**What this task involves**
If a line in the listing carries the word "Black", return a copy of that line.

**Provided material**
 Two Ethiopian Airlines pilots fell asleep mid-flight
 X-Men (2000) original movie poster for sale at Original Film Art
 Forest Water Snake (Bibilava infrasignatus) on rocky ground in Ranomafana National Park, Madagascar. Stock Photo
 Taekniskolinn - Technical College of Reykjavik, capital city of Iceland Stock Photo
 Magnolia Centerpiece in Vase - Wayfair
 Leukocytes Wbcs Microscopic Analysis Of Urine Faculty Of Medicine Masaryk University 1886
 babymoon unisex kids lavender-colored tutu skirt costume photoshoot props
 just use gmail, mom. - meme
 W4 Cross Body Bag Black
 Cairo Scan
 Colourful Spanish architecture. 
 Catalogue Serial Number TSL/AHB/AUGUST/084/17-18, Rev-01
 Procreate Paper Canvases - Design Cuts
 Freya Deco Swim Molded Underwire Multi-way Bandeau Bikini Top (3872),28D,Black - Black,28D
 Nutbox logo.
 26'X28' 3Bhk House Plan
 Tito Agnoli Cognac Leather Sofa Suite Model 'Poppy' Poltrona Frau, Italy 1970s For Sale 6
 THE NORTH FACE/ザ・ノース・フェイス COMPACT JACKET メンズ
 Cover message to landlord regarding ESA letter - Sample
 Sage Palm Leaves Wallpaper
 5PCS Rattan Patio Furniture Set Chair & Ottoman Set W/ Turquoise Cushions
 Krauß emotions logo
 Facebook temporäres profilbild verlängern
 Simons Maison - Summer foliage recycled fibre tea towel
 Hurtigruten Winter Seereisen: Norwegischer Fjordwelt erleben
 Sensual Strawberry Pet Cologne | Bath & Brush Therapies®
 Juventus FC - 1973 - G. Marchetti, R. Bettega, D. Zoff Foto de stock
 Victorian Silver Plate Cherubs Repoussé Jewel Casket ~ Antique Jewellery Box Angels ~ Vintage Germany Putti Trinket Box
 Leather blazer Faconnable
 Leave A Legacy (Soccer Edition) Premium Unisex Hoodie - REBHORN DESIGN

**Exercise answer**
 W4 Cross Body Bag Black
 Freya Deco Swim Molded Underwire Multi-way Bandeau Bikini Top (3872),28D,Black - Black,28D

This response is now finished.